Stacking The Beatles in Excel: An Exercise in 3D stacking

Valued Contributor

The setup:  You're provided with an Excel workbook with 12 sheets for 12 Beatles albums. All 12 sheets have the same fields, but the fields are not in the same order in each sheet.

 

The goal: Roll up 12 sheets and order the columns uniformly in the array.

 

I'll step you through my solution and then open up the discussion for anyone that would like to give this a try.

 

First, a named item for the 3D reference:

=PleasePleaseMe:LetItBe!$A$1:$F$31

 

Next, HSTACK and SORT gathers the track listings:

=SORT(HSTACK(Albums3D),,,1)

This is a snip of what the stack looks like:

Patrick2788_0-1663523372516.png

 

The biggest step is the re-stack:

=LET(AlbumsNoHeader,DROP(StackedAlbums,1),stack,HSTACK(TOCOL(TAKE(AlbumsNoHeader,,12),,1),TOCOL(CHOOSECOLS(AlbumsNoHeader,SEQUENCE(,12,13,1)),,1),TOCOL(CHOOSECOLS(AlbumsNoHeader,SEQUENCE(,12,25,1)),,1),TOCOL(CHOOSECOLS(AlbumsNoHeader,SEQUENCE(,12,37,1)),,1),TOCOL(CHOOSECOLS(AlbumsNoHeader,SEQUENCE(,12,49,1)),,1),TOCOL(TAKE(AlbumsNoHeader,,-12),,1)),UNIQUE(stack,,1))

Patrick2788_1-1663523523022.png


Finally, putting it all together:

=VSTACK(UNIQUE(TAKE(StackedAlbums,1),1),ReStack)

 

I'm most interested in the "restacking".  It seems heaven and earth are being moved to sort things out and wonder if there's a more direct way of doing it.

 

Formulas only.  Please no VBA or PowerQuery.

 

14 Replies

@Patrick2788 

I have made some progress approaching the problem by building an array of thunks.

Worksheet formula
= REDUCE(Header, Albums,
    LAMBDA(rollup,album, 
      LET(
        hdr,       TAKE(album(),1),
        tracks,    DROP(album(),1),
        columns,   XMATCH(Header, hdr),
        reordered, CHOOSECOLS(tracks, columns),
        VSTACK(rollup, reordered)
      )
    )
  );

Albums 
= VSTACK(
    LAMBDA(PleasePleaseMe[#All]), 
    LAMBDA(WithTheBeatles[#All]),
    LAMBDA(AHardDaysNight[#All]),
    LAMBDA(BeatlesForSale[#All]),
    LAMBDA(Help[#All])
);

The setup steps to form the array of thunks are somewhat tedious and error-prone even though the resulting worksheet formula is OK.

@Peter Bartholomew 

With this task, it seems it's inevitable CHOOSECOLS/CHOOSEROWS will be used.
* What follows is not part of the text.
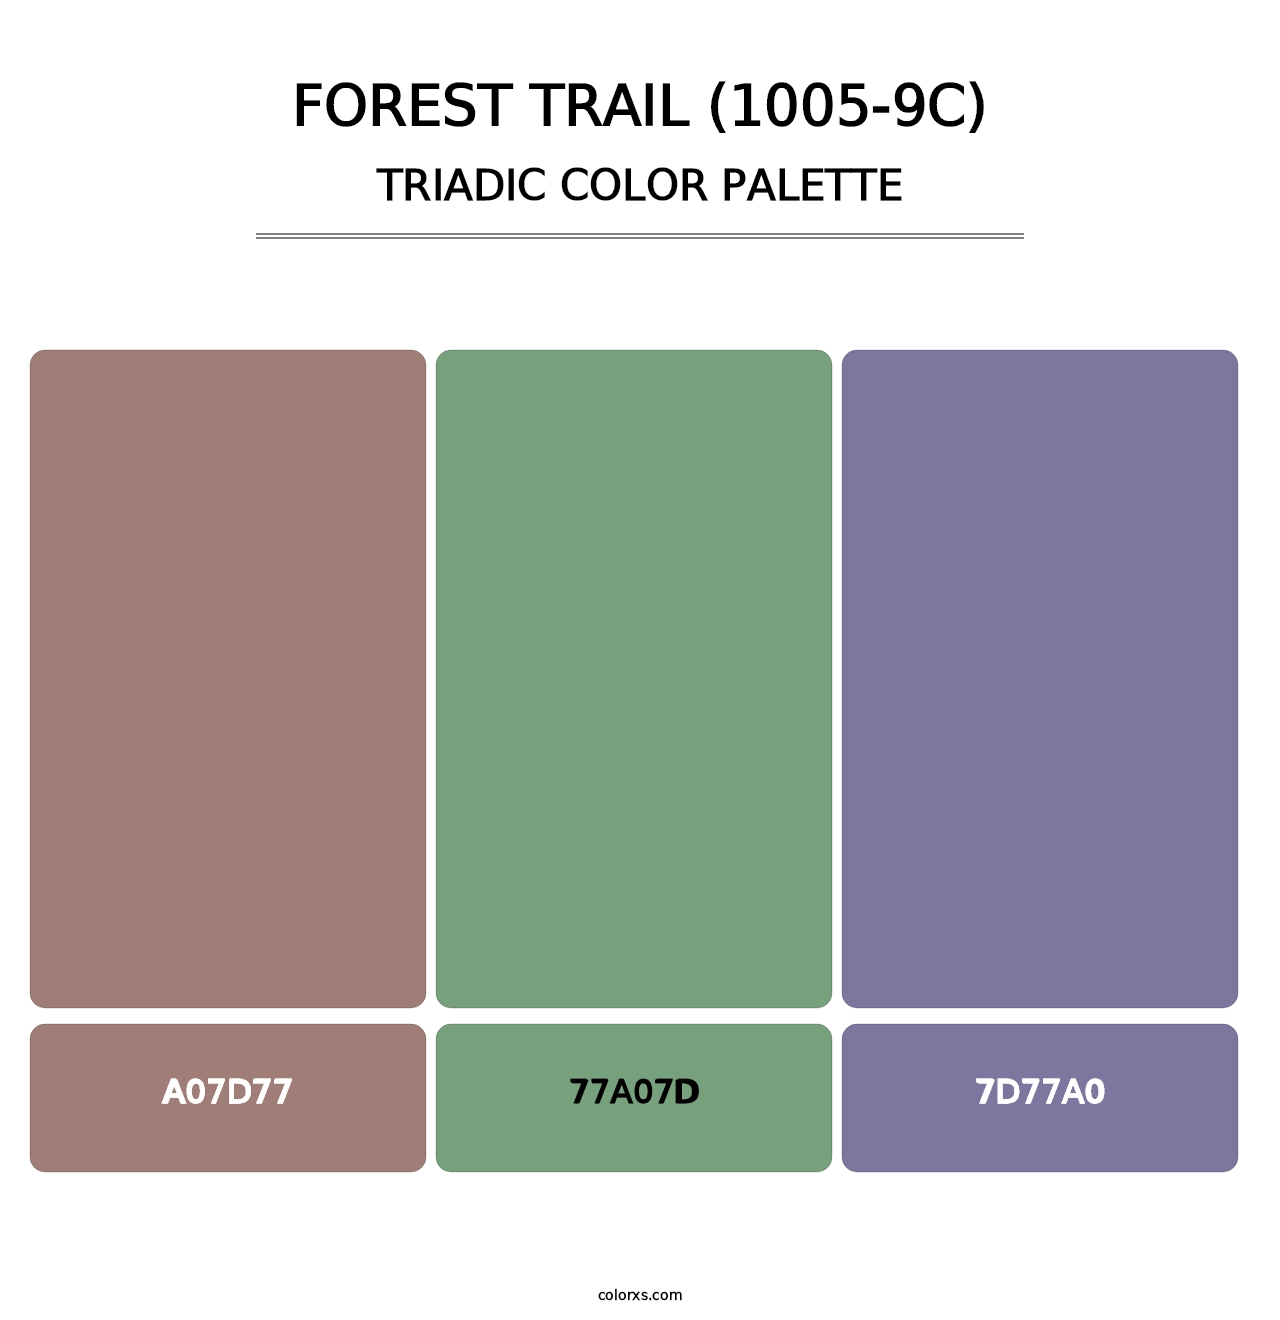 Forest Trail (1005-9C) - Triadic Color Palette

It's a matter of prepping the data to get to that point. The thunks certainly get the job done. I must say CHOOSECOLS/CHOOSEROWS seems to be very quick for all that's being asked (Much better than using INDEX).

 

This task would be easier with a little bit more flexibility!

 

The current list of functions that can handle a 3D reference is still limited even while adding in TOCOL/TOROW and TEXTJOIN to those listed in the link.
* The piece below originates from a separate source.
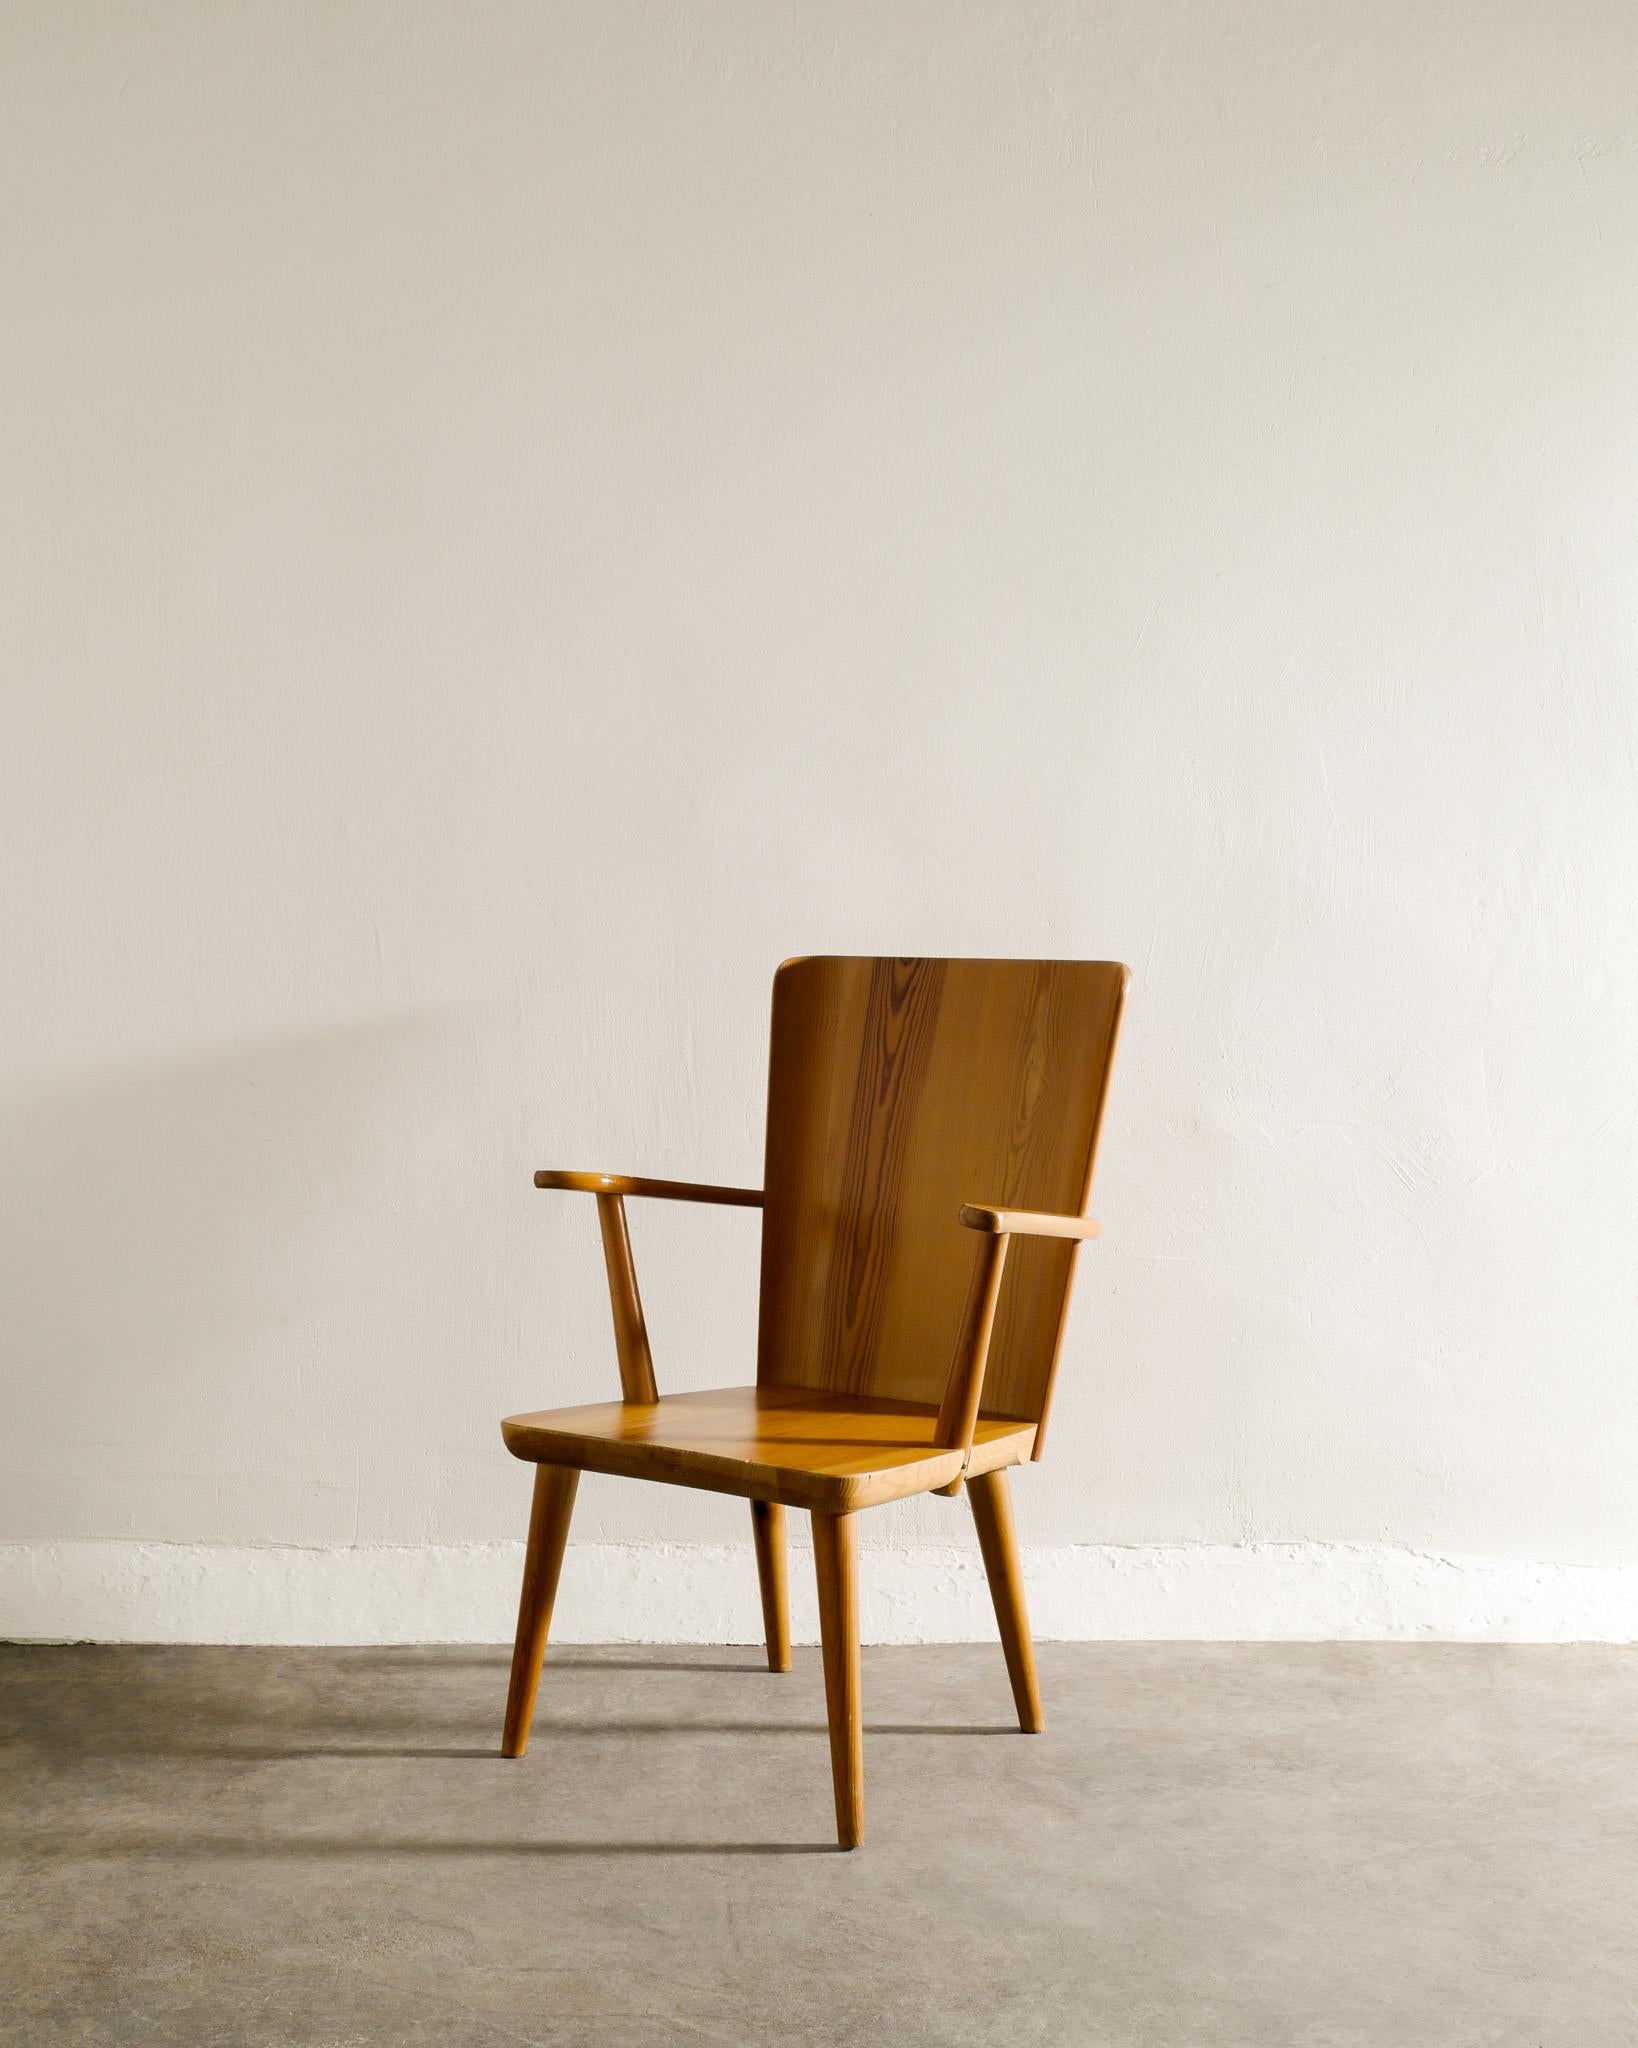 Scandinavian Modern Mid Century Arm Chair in Pine by Göran Malmvall Produced by Svensk Fur, 1940s For Sale

Create a 3-D reference to the same cell range on multiple worksheets (microsoft.com)

@Patrick2788 Here is my approach.  I did create 1 lambda to perform an iterative VStack operation:

 

=LET(in,PleasePleaseMe:LetItBe!$A$1:$F$31,
headers,LetItBe!$A$1:$F$1,
hCount,COLUMNS(headers),
hCountSeq,SEQUENCE(,hCount),
allcols,HSTACK(in),
allheaders, TAKE(allcols,1),
allHcount, COLUMNS(allheaders),
colIndex, hCount*INT(SEQUENCE(,allHcount,0,1/hCount))+MATCH(allheaders,headers,0),
cSorting,SORT(VSTACK(colIndex,allcols),1,1,1),
merge,VSTACK(headers,stackN(DROP(cSorting,2),hCount)),
FILTER(merge,CHOOSECOLS(merge,1)<>0))

 

so in line 11 is this stackN Lambda function:

 

LAMBDA(arr,n,
let(c,columns(arr),
if(c>n,
   VSTACK(CHOOSECOLS(arr,sequence(,n)),stackn(CHOOSECOLS(arr,SEQUENCE(,columns(arr)-n,n+1)),n)),
   arr)
))

TBH I haven't studied your approach yet and curious to see how you solved it.
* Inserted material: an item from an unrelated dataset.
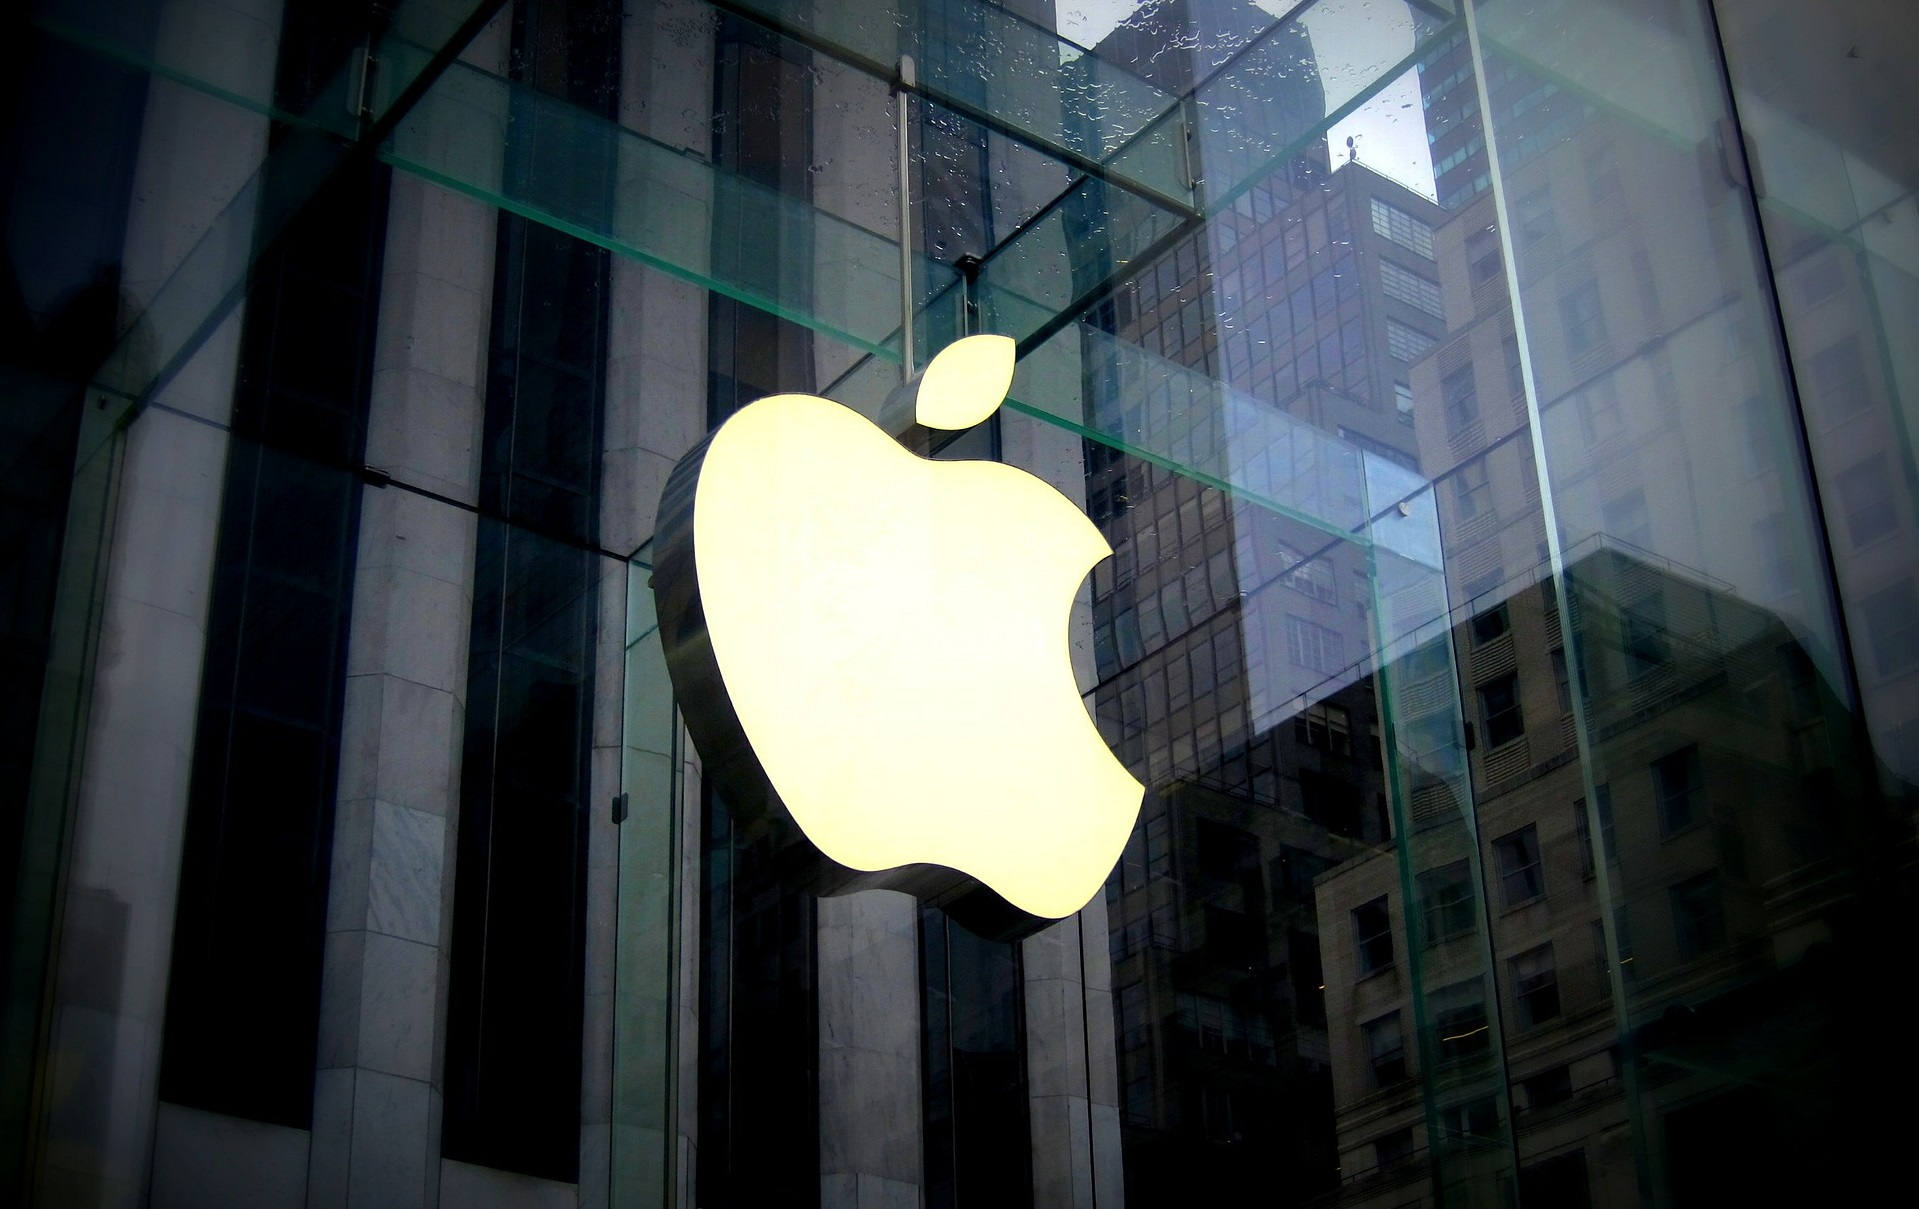 StudySection Blog About Brief History of Apple Inc.

In my case I do use 2 inputs: the 3-d range and an input for the headers so you can pick which format you want, but that could be removed and automatically use the 1st page or something.

other than that I basically create an array "colindex" that give a 1,2,3... for the column headers based on the requested 'headers' order and then add an offset so it can be used to sort all the columns so all 'tabs' are in the same order.  Then my stackN Lambda function does the Vstack.

 

@mtarler OK so i looked at your solution and modified my recursive Lambda to work with it:

Stack
=LAMBDA(arr,
    LET(
        c, COLUMNS(arr),
        uniqCols, COLUMNS(UNIQUE(chooserows(arr, 1), 1)),
        copies, c / uniqCols,
        IF(
            uniqCols > 1,
            hstack(
                vstack(INDEX(arr, 1, 1), tocol(drop(arr, 1, copies - c), 3, 1)),
                stack(drop(arr, , copies))
            ),
            vstack(INDEX(arr, 1, 1), tocol(drop(arr, 1), 3, 1))
        )
    )
)

and then called by:

=LET(in,PleasePleaseMe:LetItBe!$A$1:$F$31,
Stack(SORT(HSTACK(in),1,1,1) )
)

 

@mtarler 

This is a fascinating approach! I had some fun testing this solution. I added some dummy rows and extended your 3D reference to:

=PleasePleaseMe:LetItBe!$A$1:$F$60000

It took a minute but Excel completed the calculation!  I tried 65K and above but no dice - crash.  Handling 720,000 rows is impressive.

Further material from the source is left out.